▸ **TASK REQUIREMENTS**:
Once you find the line with "武汉冠状病毒疫情防控所需应急设备采购清单", output it and every line after it exactly, through the last line of the listing, but no pictures.

▸ **INFORMATION SHOWN**:
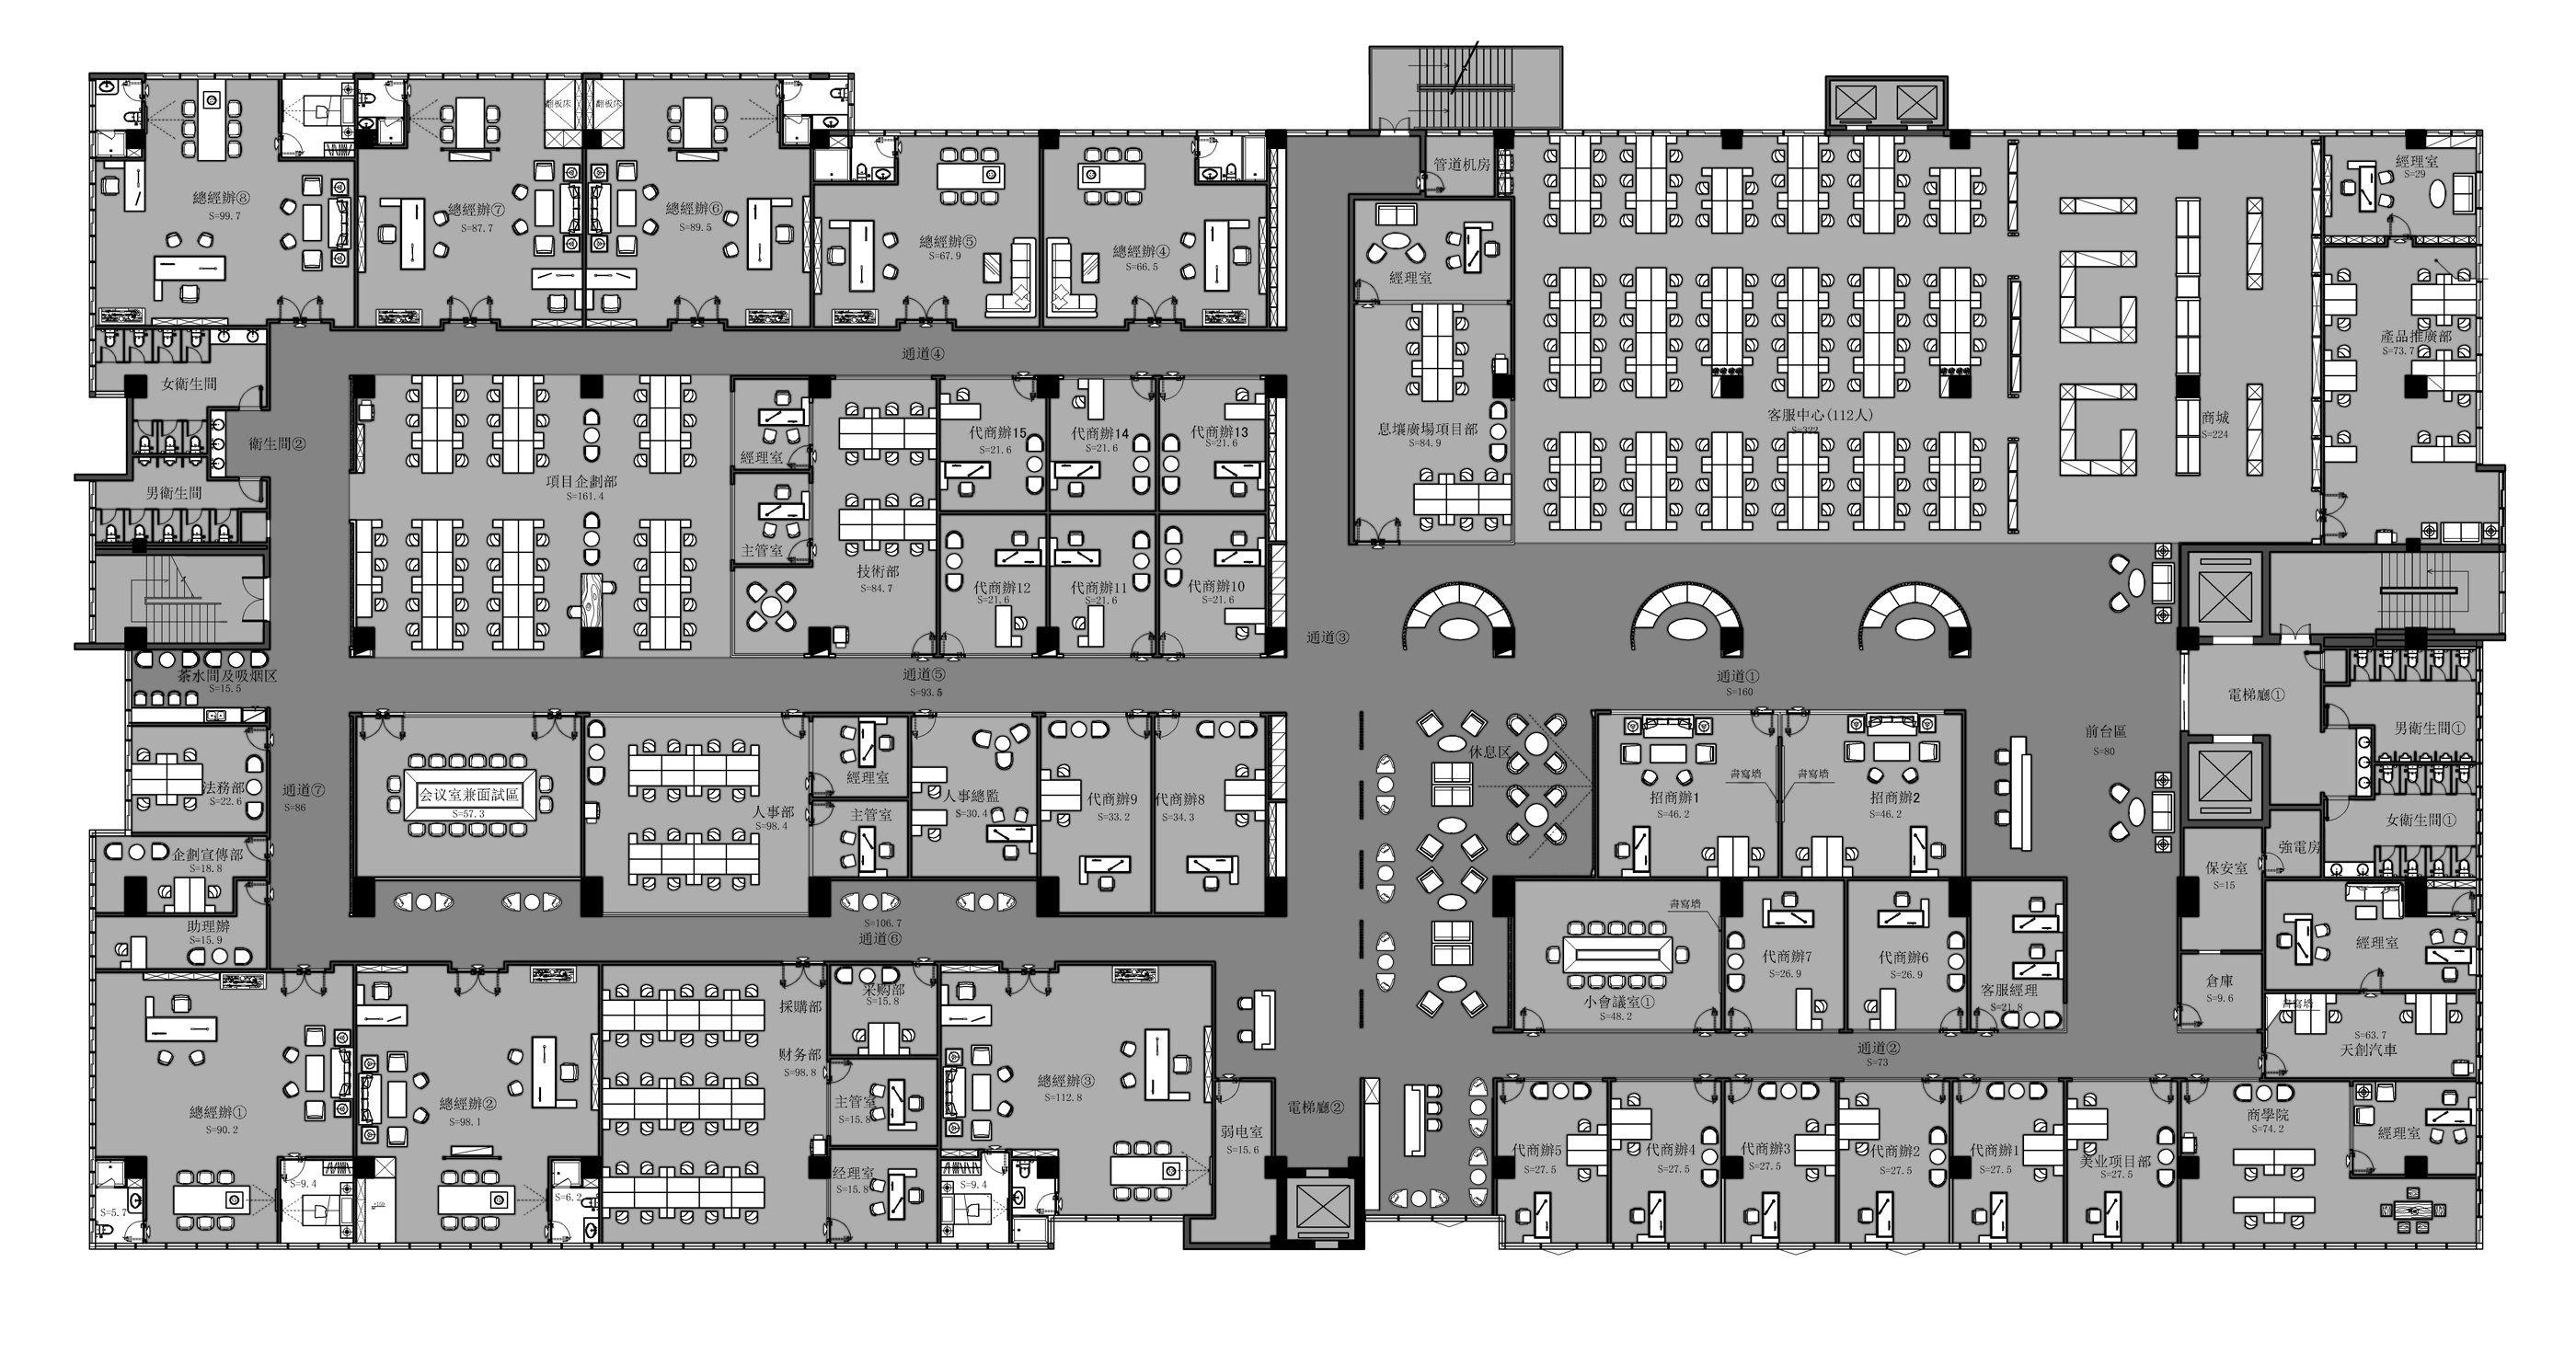 深圳天创息壤网络科技有限公司办公室设计说明
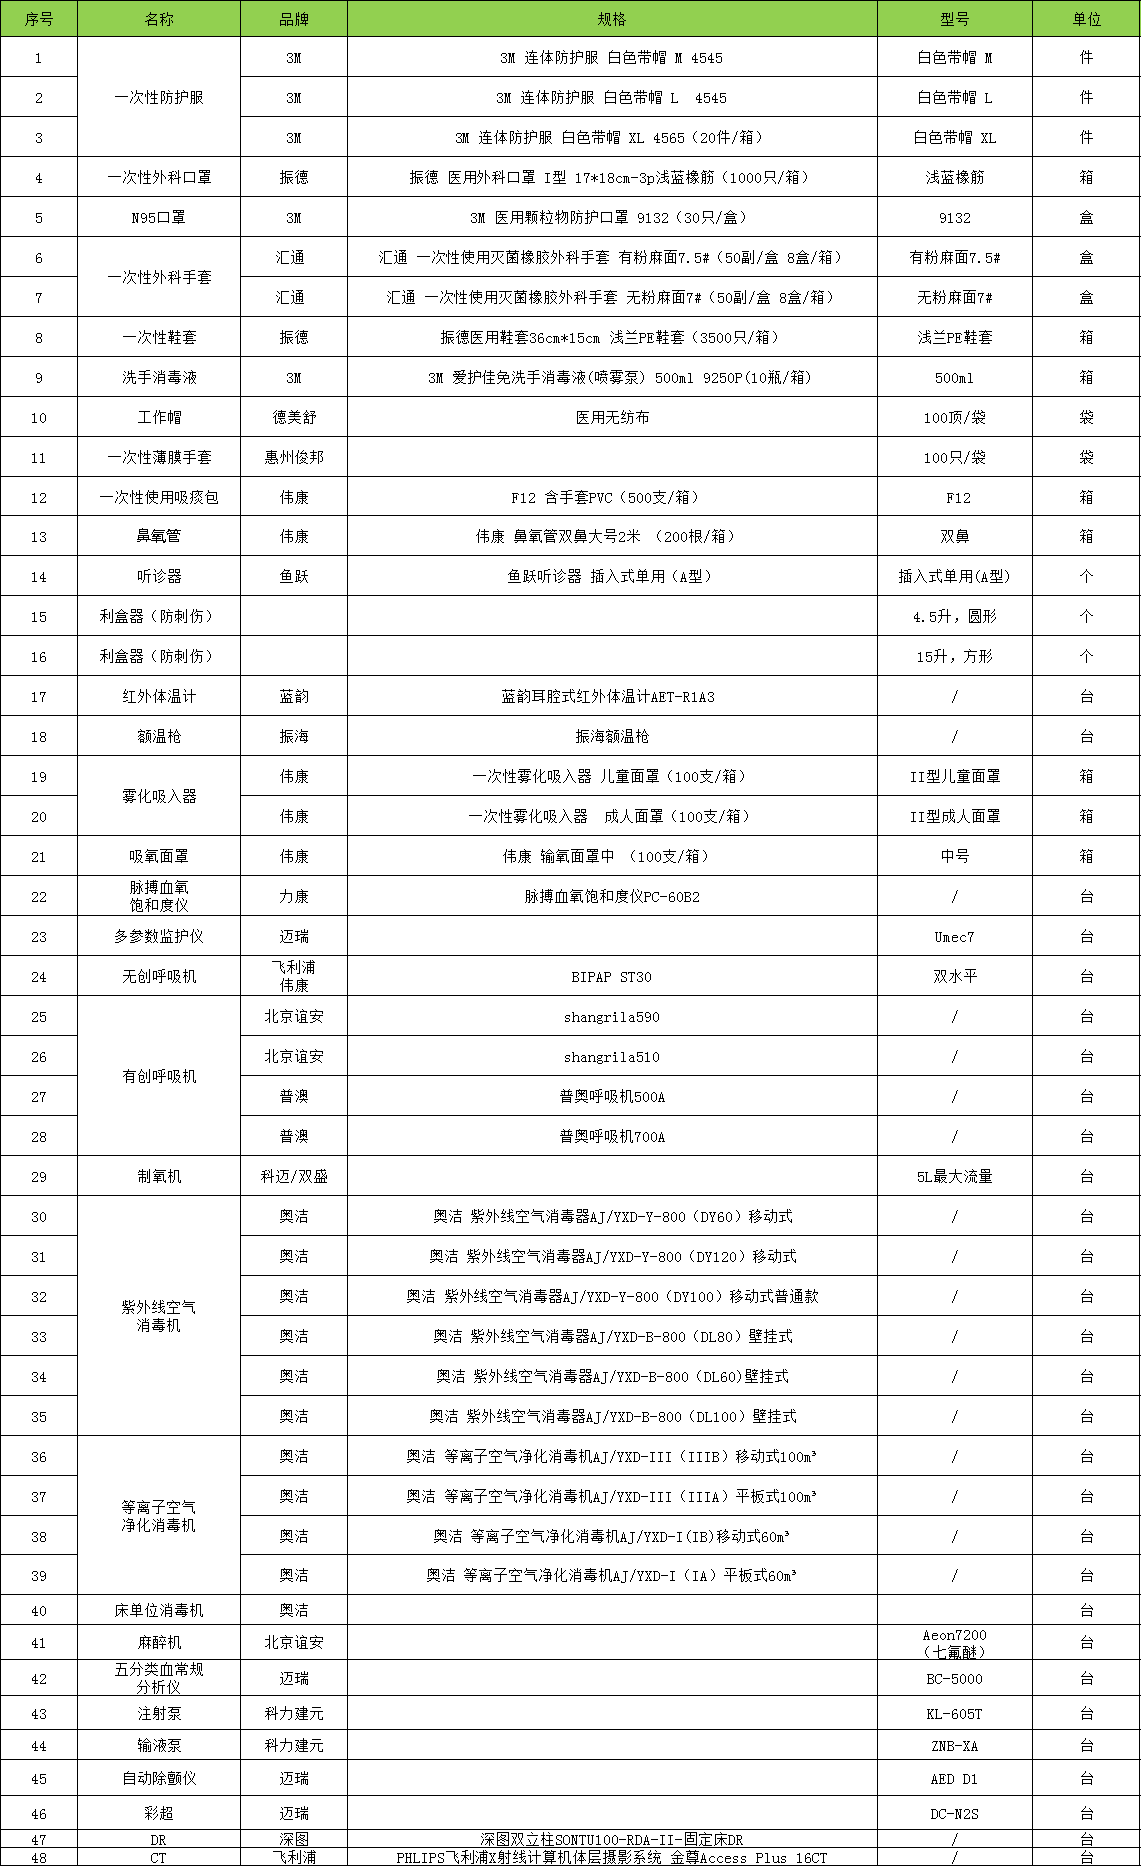 武汉冠状病毒疫情防控所需应急设备采购清单
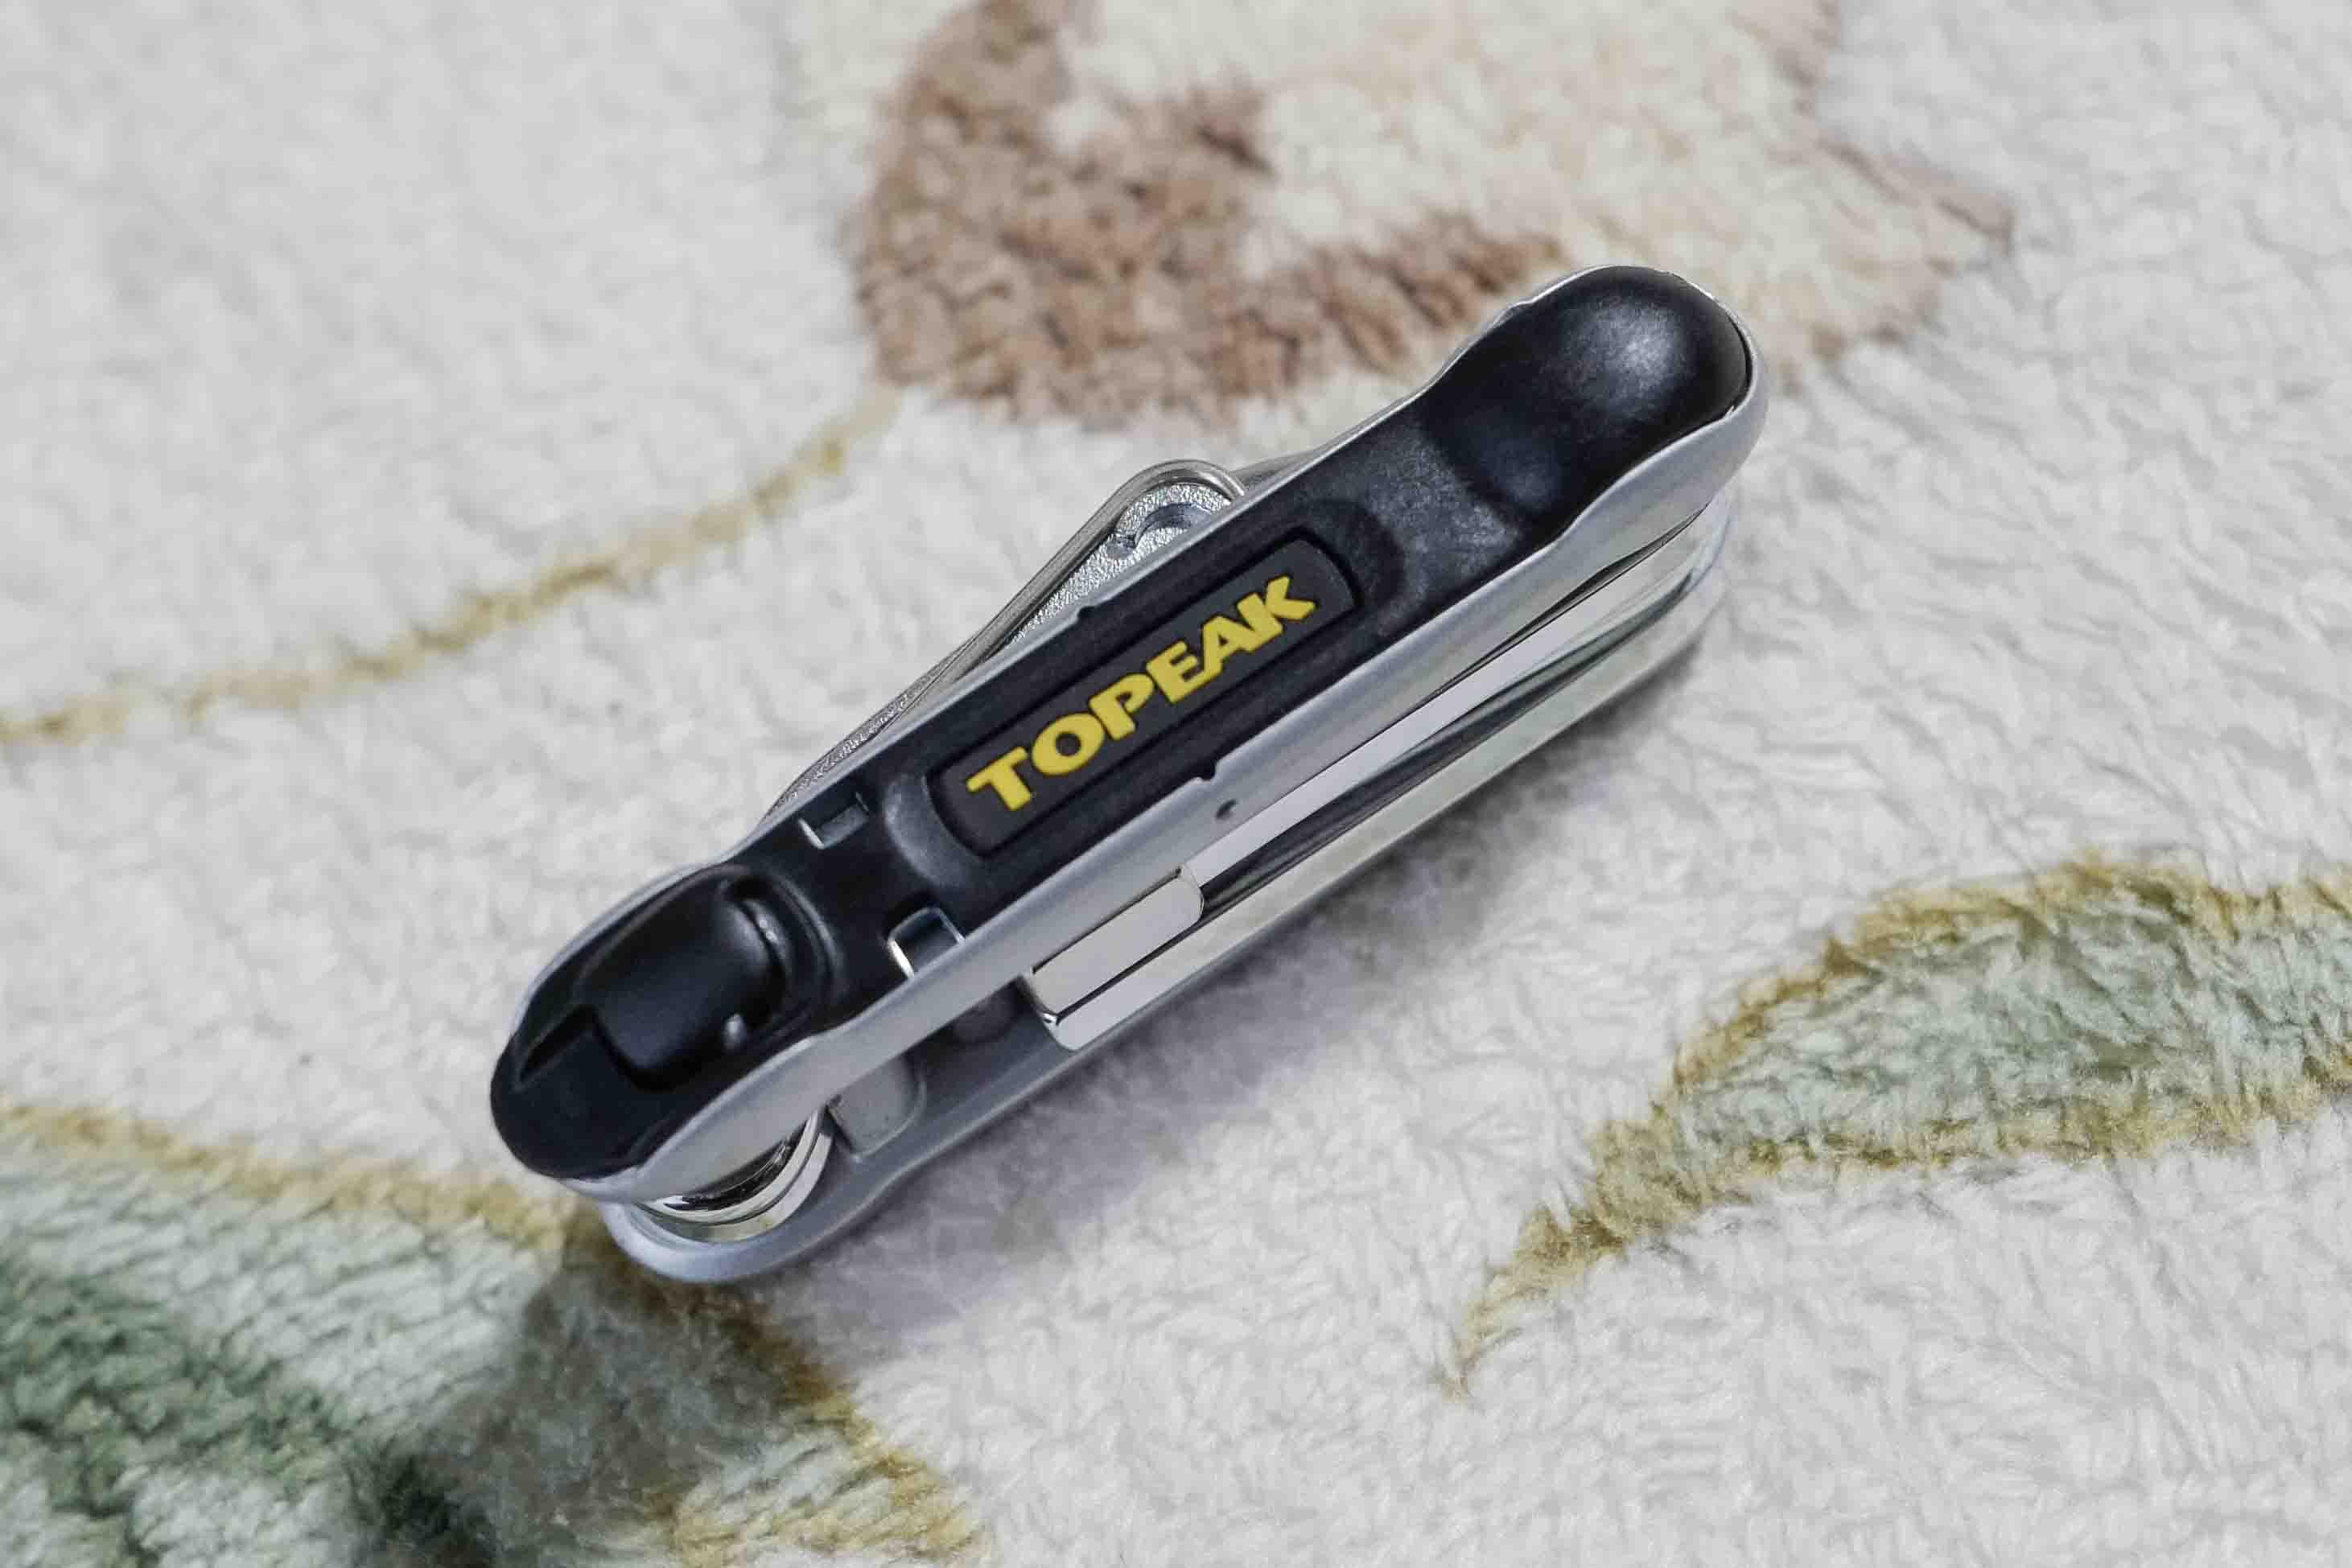 あったら安心!携帯工具はTOPEAK トピーク ツールヘキサス 2

▸ **RESPONSE TO THE TASK**:
 武汉冠状病毒疫情防控所需应急设备采购清单
 あったら安心!携帯工具はTOPEAK トピーク ツールヘキサス 2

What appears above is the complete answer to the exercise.